Development of rapid CO2 utilizing microbial ecosystem onto the novel & porous FPUF@nZVI@TAC@ASP hybrid for green coal desulphurization

Abstract

• Coal desulphurization with high CO 2 consumption by bacteria on a hybrid was studied. • FPUF@nZVI@TAC@ASP offered immobilization platform to grow desulphurization bacteria. • nZVI coating enhanced coal desulphurization by breaking C-S bond & iron recycling. • S (43.3), Fe (20), NH 4 (0.08), NO 3 (0.05), PO 4 (0.01) kg/m 3 /day removal witnessed. • 4500 ppm of CO 2 was consumed to remove 1 kg sulphur, makes this study impactful.
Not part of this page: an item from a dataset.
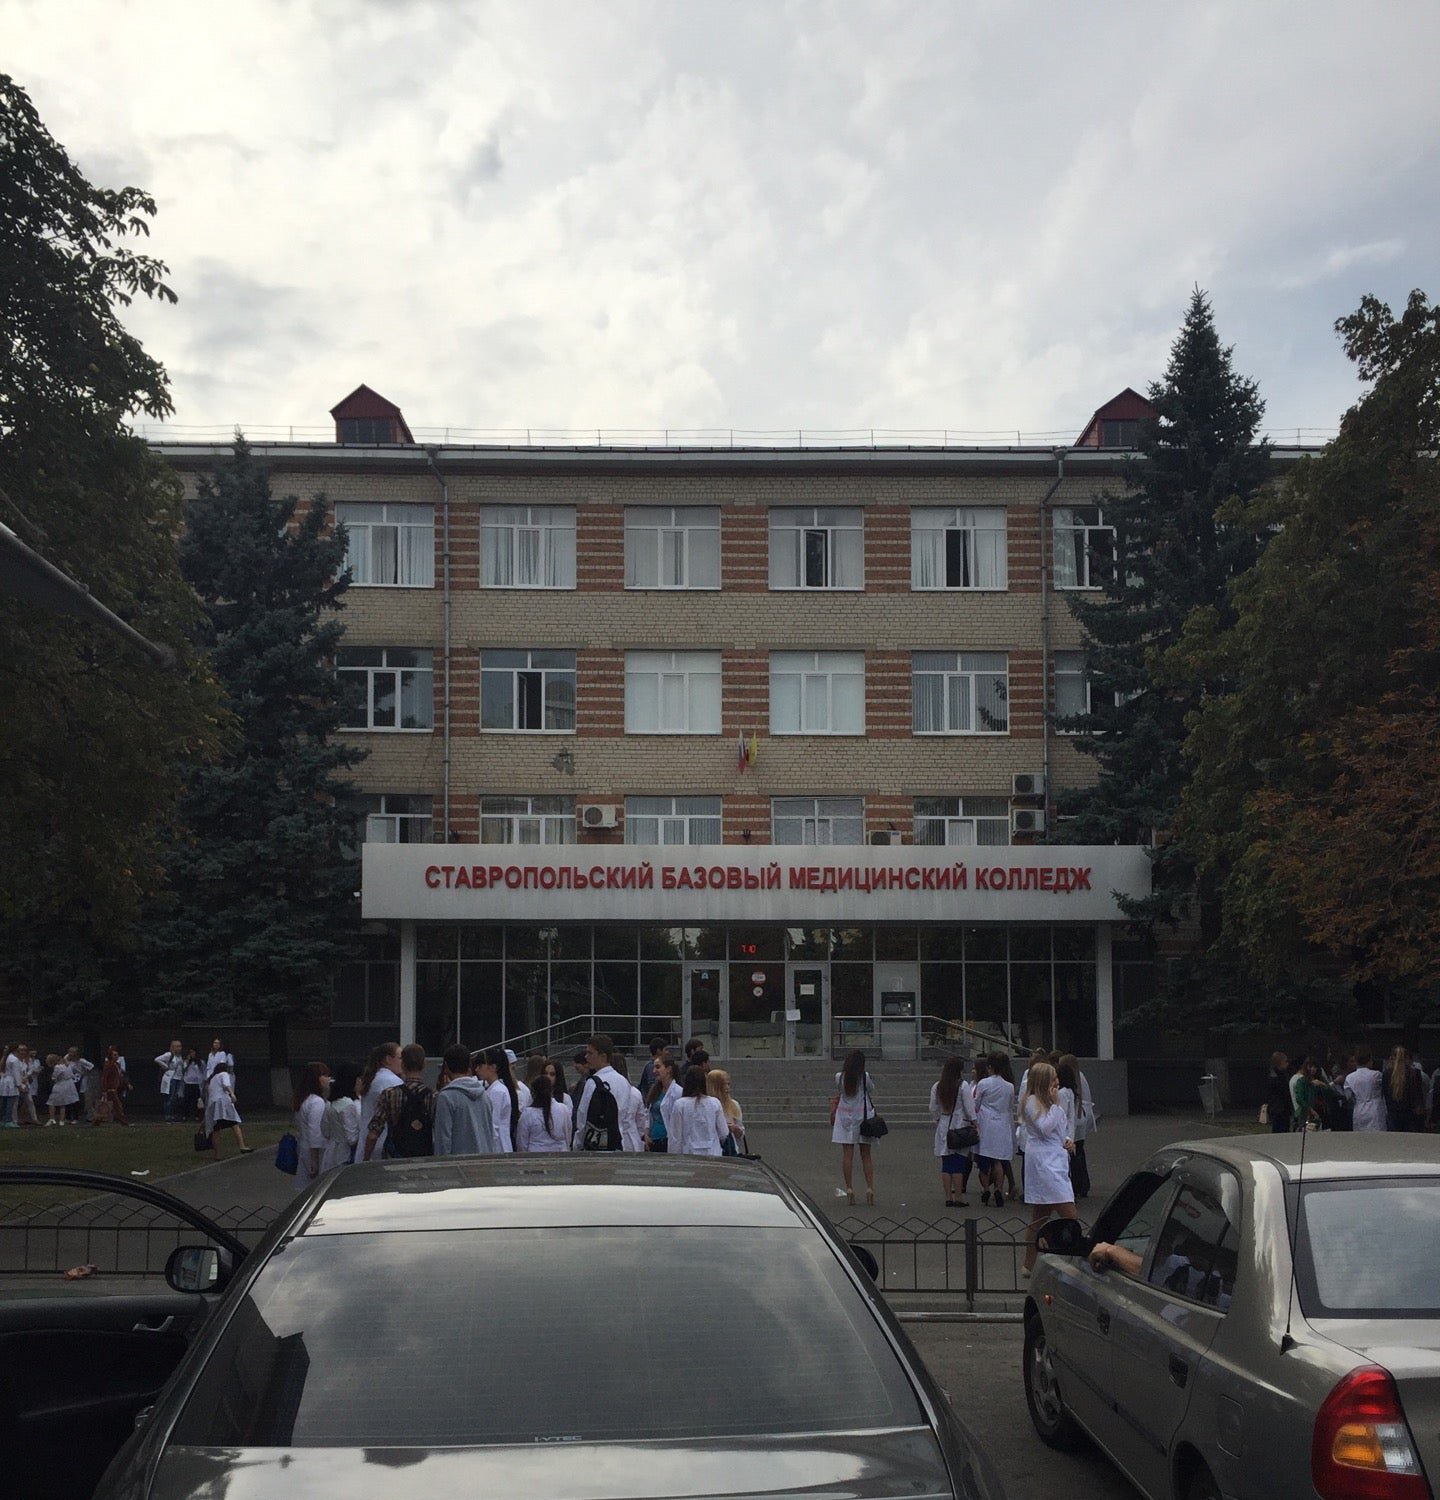 Сайт медицинской ставрополь колледжа. Медицинский колледж Ставрополь на Серова. СБМК колледж Ставрополь. Серова 279 Ставрополь медколледж. Колледж на Серова в Ставрополе.

Self-capturing carbon dioxide (CO 2 ) from the polluted atmosphere and consuming it into the coal reactor for cheap coal desulphurization is an ideal solution to smog and global warming. Herein, a novel engineered microbial ecosystem was developed over zero-valent iron (nZVI) decorated functional polyurethane (FPUF) biocarrier for coal bio-desulphurization coupled with rapid utilization of CO 2 . FPUF was structured with nZVI for quenching sulphur, iron, and nitrogen species from coal, and present them to TAC/ASP microbes for rapid degradation. Self-assembled and rapid CO 2 utilizing microbial ecosystem (FPUF@nZVI@TAC@ASP) was shortly emerged as rapid coal treatment device as it removed CO 2 (54 kg/m 3 /day), sulphur (43.3 kg/m 3 /day), iron (20 kg/m 3 /day), NH 4 + (0.08 kg/m 3 /day), NO 3 – (0.05 kg/m 3 /day), and PO 4 3- (0.01 kg/m 3 /day). Super-high CO 2 fixation along with high sulphur removal rate (43.3 kg/m 3 /day) also yielded 400 mol/h/g protein. That further provided ample supply of HCO 3 – , S 2 O 3 2- and SO 4 2- species to microbes, which ultimately resulted in highly dense microbial ecosystem (14 g/L/h). Highest coal treatment efficiency (90%) was recorded, at sulphur/CO 2 ratio of 20 and 14-h residence time, which was 30 times better performance than previously reported studies. Practical and commercialized application of developed process (tested in 5-liter coal-reactor), was found very impressive, as treatment of 1 kg coal produced 180 g of sulphur and mitigated 4500 ppm of CO 2. The developed process has potential direct industrial application for coal, crude oil, petroleum, flue gas and natural gas desulphurization. This study opens a new gateway for the investigation and design of more innovative desulphurization and CO 2 mitigation researches.